In other news I can no longer suck it in. As an American woman I learned to suck in my stomach at like twelve years old. My stomach is flat(tish) normally but I can make it perfect if necessary. Well, correction, I could do that, because those days are over. It stubbornly pooches out and is hard as a goddamn rock. It's not baby at this stage (though my book helpfully mentions that by next week the baby will be the size of a mouse, thank you people who do not realize how fucking terrified I am of mice and now one is MY BABY?) but gas and fluid and god knows what else. I caved an bought maternity clothes. Because when I lost weight a couple of summers ago I made the decision never to run around in gaping waists again and had everything tailored down. So I am down to one pair of pants that button and I doubt they will button by the end of my business trip in a couple of weeks.

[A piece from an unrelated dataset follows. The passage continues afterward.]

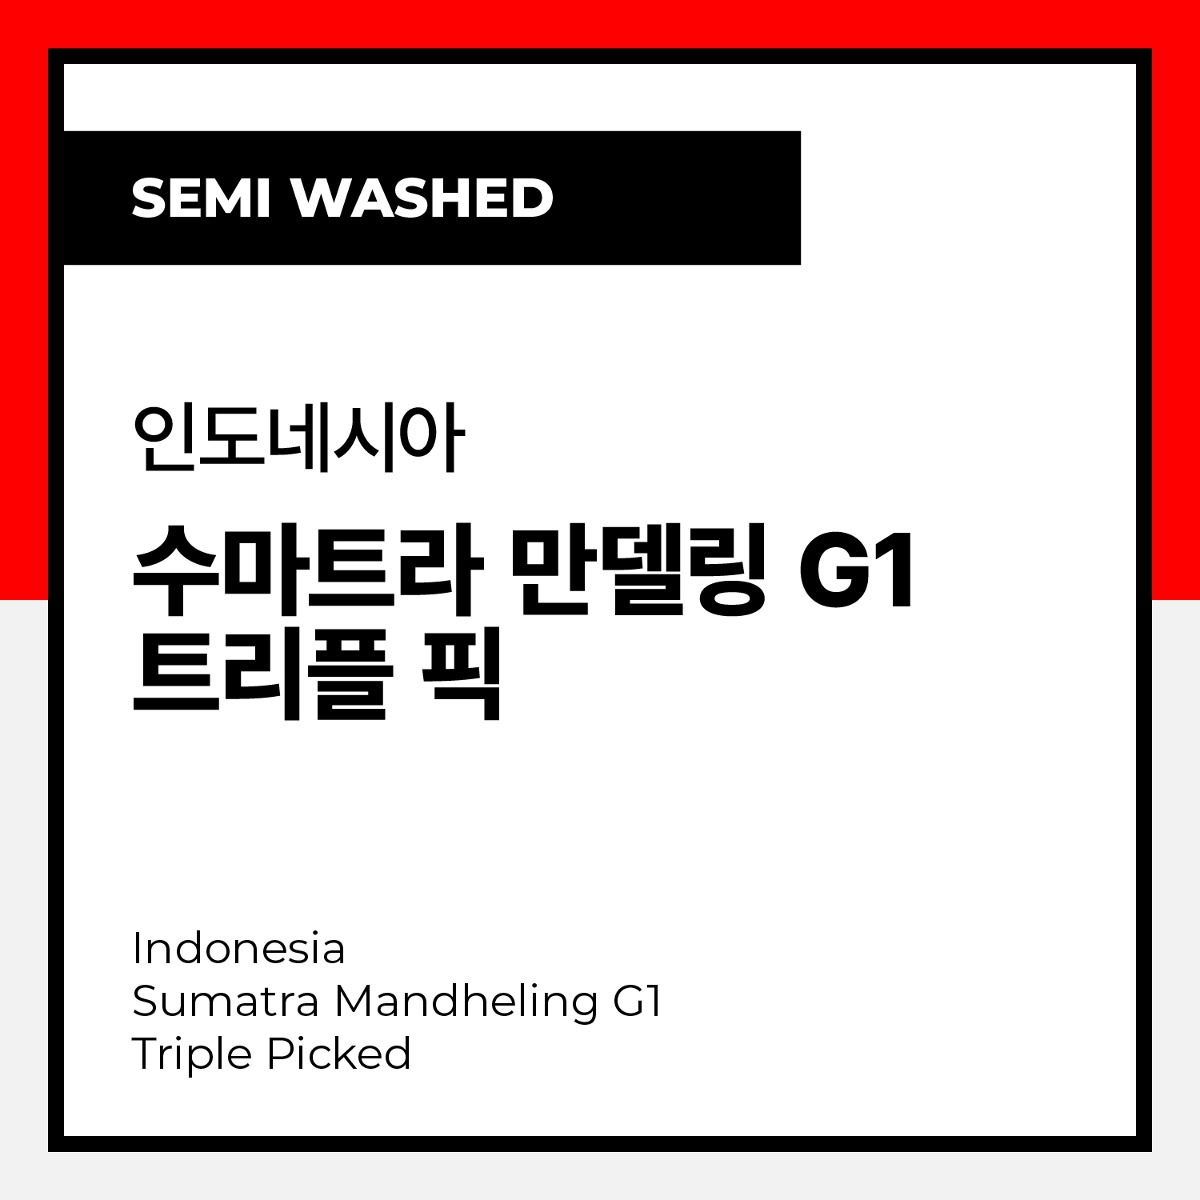 Indonesia Sumatra Mandheling G1 Triple Picked (Semi Washed) 인도네시아 수마트라 만델링 G1 트리플 픽 (세미 워시드)

Maternity clothes are a fucking racket. Because the ones I bought were cuter and nicer than most I have seen around (and not much more expensive because DAMN everything costs a million dollars) and they will work. But I would never pay that much for that quality for regular clothes. In my next life I am becoming a maternity designer.
I am slogging through it all, during the busiest time of the year work wise, getting ready for my trip and watching my stomach in HORROR.
But I am not puking daily anymore (this could stop tomorrow in which case we will be back to all woe all the time) and it is BLISS.